La etnografía y la arquitectura tradicional son también dos excelentes motivos para echarse al monte más allá del interés deportivo. Caminar bajo su atracción deviene en un auténtico ejercicio de inmersión histórica que nos permitirá conocer un poco mejor la vida y costumbres de nuestros antepasados de la mano de auténticas reliquias:
Iglesia de Santa María de Taranes (1779)
Iglesia de Santa María de Viegu (siglo XVII)
Iglesia de San Juan de Beleño (siglo XVII)
Ermitas de Ventaniella y Arcenorio (época medieval)
Torre de Cazo (antes de 1188)
Iglesia de Santa María de las Nieves (siglo XVIII)
Palacio de la Costaniella en Sobrefoz (1770)
Iglesia de San Lorenzo de Abiegos (siglo XVIII)
La casa de la Merreguera en Abiegos (siglo XVII)
Casa Rubín en Viego (siglo XVI)
La mejor expresión artística que nos ofrece el concejo son aún más que sus obras arquitectónicas, sus manifestaciones naturales, que nos ofrece parajes y vistas sin igual. Desde las más altas montañas, hasta sus rios formando espectaculares gargantas y desfiladeros, sin olvidarnos pueblos colgados de las montañas y de la Reserva Natural Parcial de Peloño uno de los espacios forestales más emblemáticos de Astuiras por su frondosa masa boscosa de especies autóctonas, que configuran un idílico paraíso natural.

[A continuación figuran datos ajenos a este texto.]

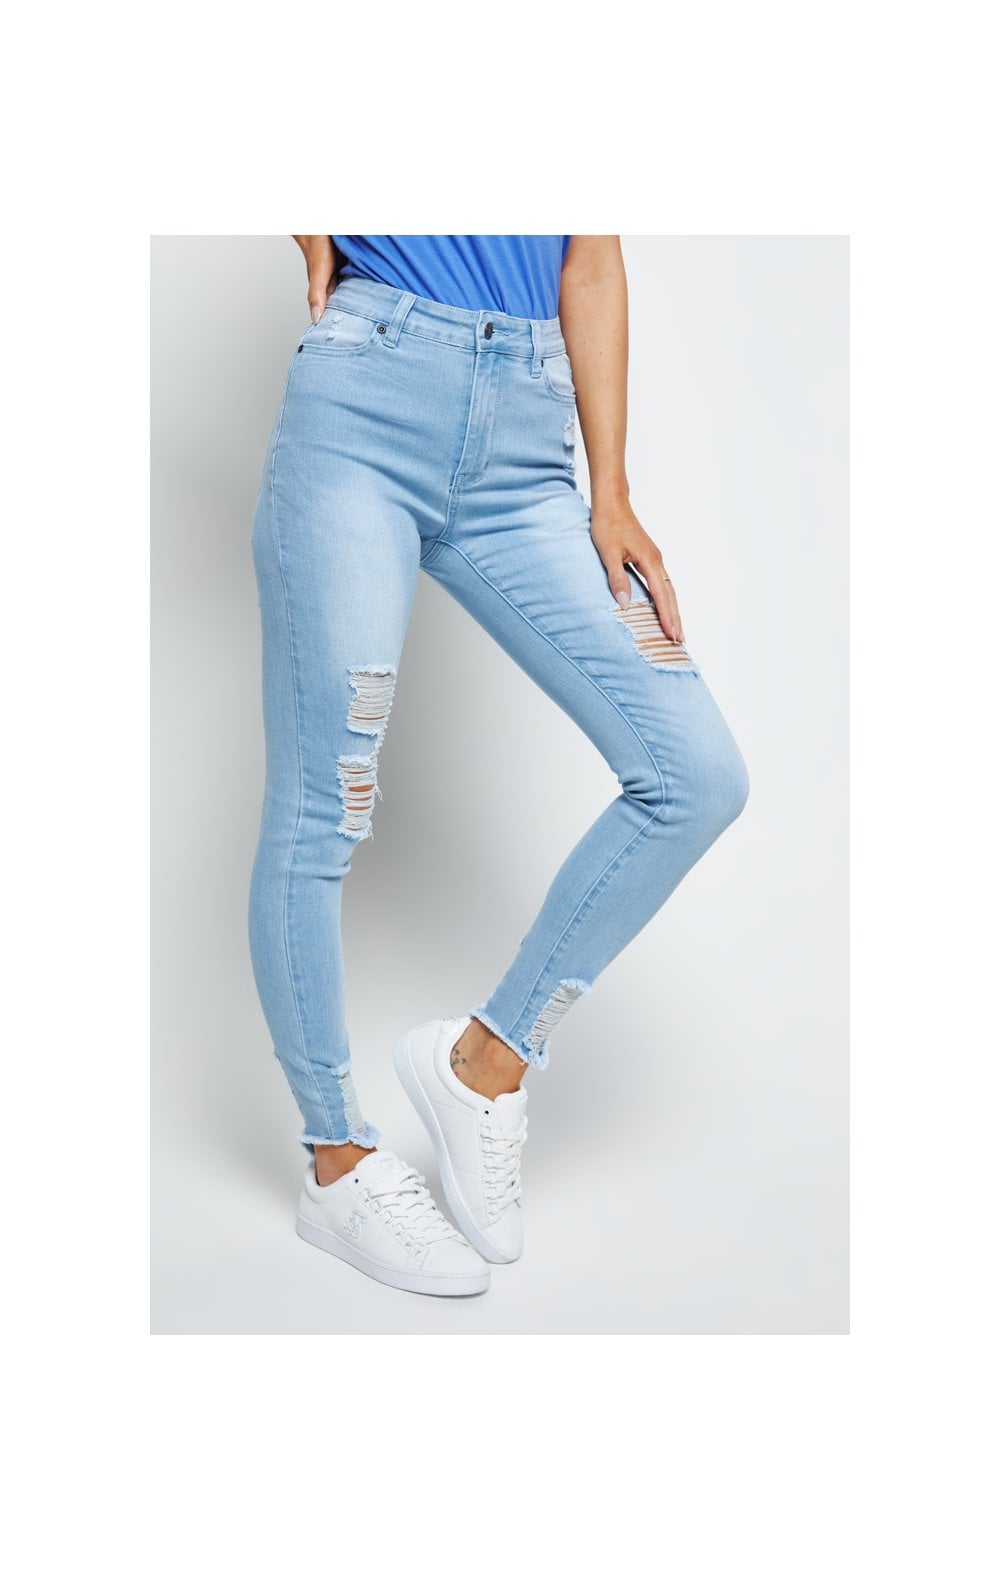 Load image into Gallery viewer, SikSilk Distressed Skinny Jeans - Ice Blue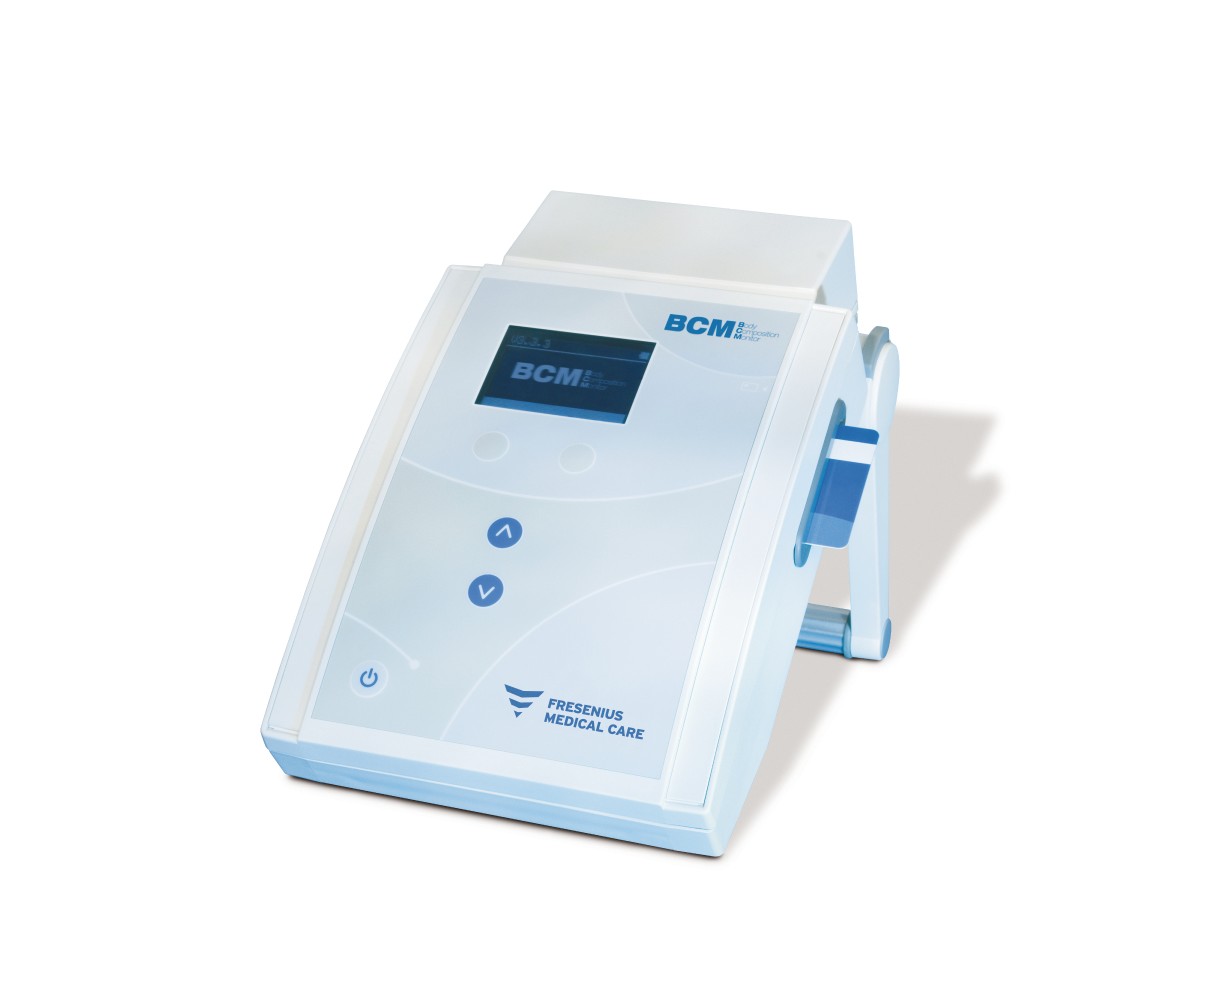 Body Composition Monitor BCM

La arquitectura religiosa del concejo se refiere a pequeñas iglesiasa rurales, construidas la mayoría a finales del siglo XVIII, siendo acabadas en el XIX y en el XX. Dentro de éstas se encuentra la Iglesia de Santa María de Viego de planta rectangular, cabecera cuadrada y puerta de arco semicircular, con molduras de estilo barroco. Ambas puertas y los muros colindantes están protegidos por un original pórtico de madera rematado por zapatas talladas con volutas y motivos ornamentales geométricos.
También tenemos la iglesia de Santa María de Taranes construida en 1779, con planta en forma de cruz latina, con amplio crucero y bóveda de medio cañón en la que están representados frescos con imágenes de los cuatro evangelístas. Del mismo modo, son reseñables la iglesia de San Juan de Beleño, del siglo XVII, la de San Lorenzo de Abiegos y las dos pequeñas ermitas de Ventaniella y Arcenorio, ambas de la época medieval.
En Sobrefoz encontramos una gran casa conocida como el Palacio de la Costaniella, de planta cuadrada, realizado en mampostería y con buenos sellares tallados en las esquinas y formando los vanos. También tiene una capilla. Otras casonas importantes son la Casa Rubín de Viego, erigida en el siglo XVI, realzada en mampostería y rodeada de dependencias destinadas para el uso agrícola, también incluye un escudo con esta inscripción: "a pesar de todo veceré...Godos". O la que encontramos en Taranes, la casa de la Plazuela del Sol, con un bonito corredor de madera tallada en su frente.